Miami Music Week may feature a wide mix of sounds, but the broader event landscape was dominated by one genre: house.
We used Booking Agent Info’s music industry database + other sources to analyze 889 artists performing during Miami Music Week to see which genres and subgenres were most represented across the week.
The biggest takeaway was the sheer scale of house music’s presence.

66% of all artists analyzed fell under the house umbrella, making it by far the most represented genre across Miami Music Week’s broader ecosystem.
And within that, tech house alone accounted for 33% of the total artist pool, meaning roughly 1 out of every 3 artists analyzed came from that subgenre.
That is a major concentration.
It also reinforces something that has become increasingly clear in live electronic music: while Miami Music Week continues to position itself as a broad celebration of dance culture, the market itself is heavily centered around sounds that are working most consistently at scale. In this case, that means house music, and especially tech house.

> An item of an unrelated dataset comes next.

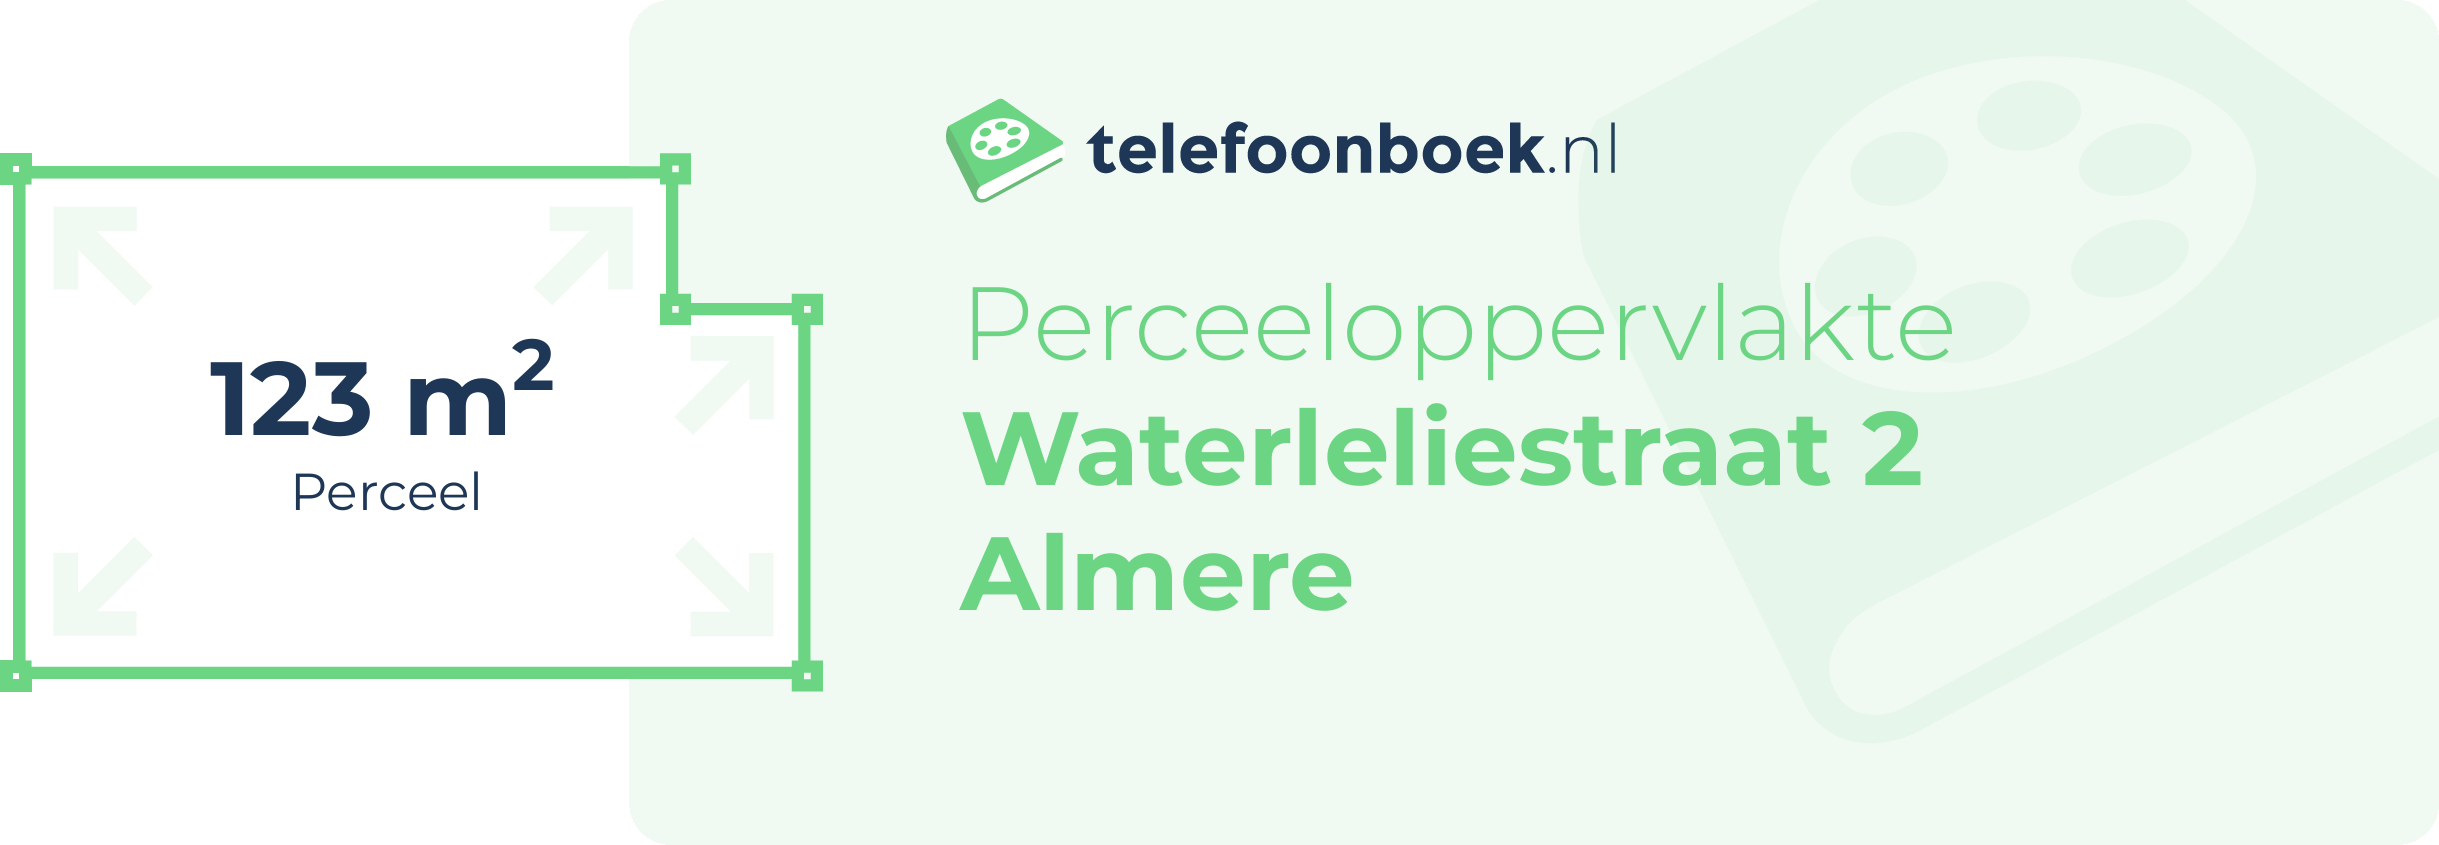 Perceeloppervlakte Waterleliestraat 2 Almere

What is also notable is that house did not dominate through just one lane. Beyond tech house, the genre’s presence extended across multiple subgenres: deep house accounted for 13% of artists, while minimal/deep tech and electro house each represented 5%. Afro house came in at 3%, with melodic house and progressive house each representing 1%.

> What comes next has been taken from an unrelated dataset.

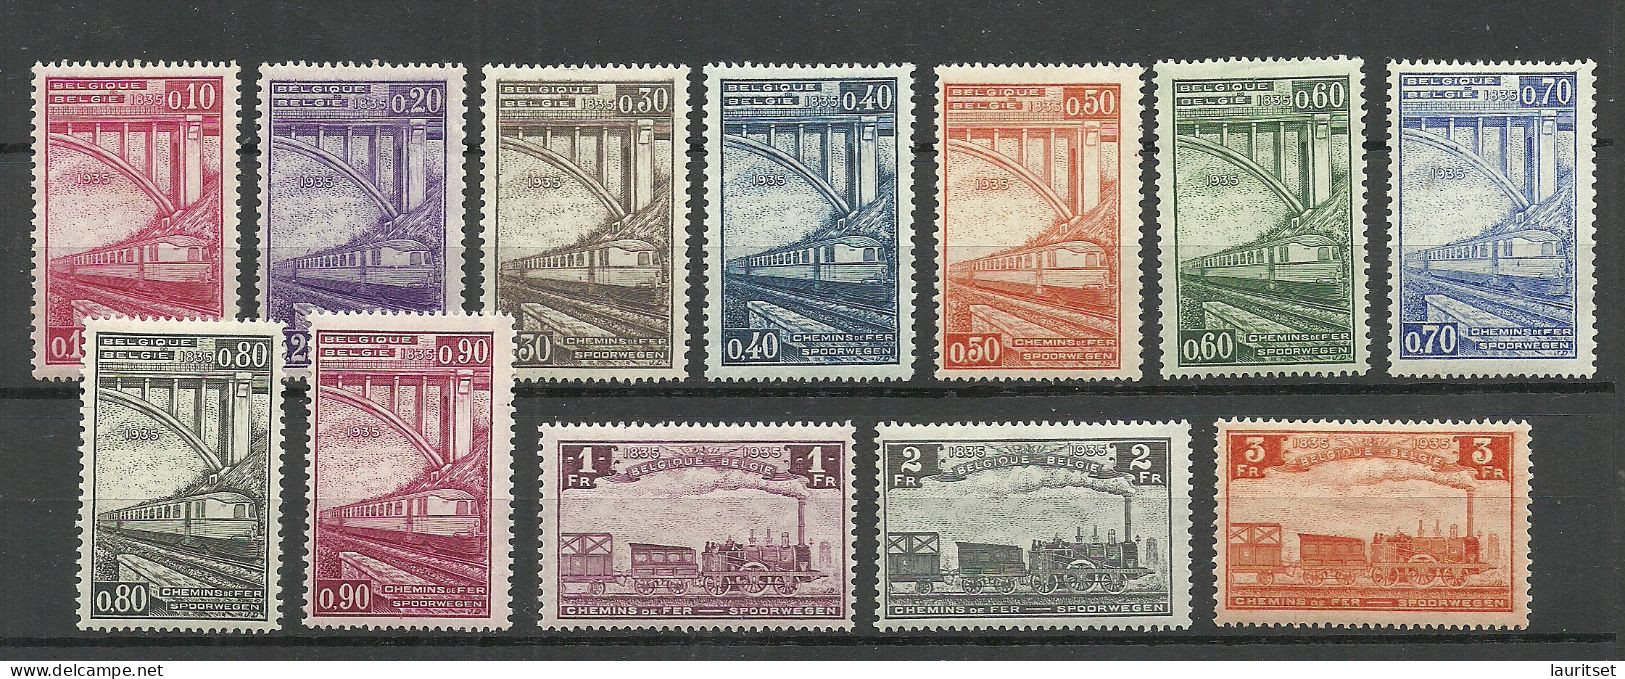 BELGIEN Belgium Belgique 1935 Michel 171 - 182 Eisenbahnpaketmarken Railway Packet Stamps * - Nuevos

Outside of house, bass and techno each accounted for 14% of artists, tying as the next-largest genre groups in the analysis. Within bass, dubstep/riddim led at 6%, followed by trap at 4% and drum and bass at 2%. Within techno, hard techno represented 5% and melodic techno 3%.
Those are still meaningful shares, and they show that Miami Music Week remains stylistically diverse. But they also make the hierarchy more obvious: bass and techno were strong secondary forces, while house stood in a tier of its own.
Meanwhile, other genres that remain part of the dance music conversation represented much smaller portions of the total lineup. Trance accounted for 2%, while hard dance and breaks each represented 1%.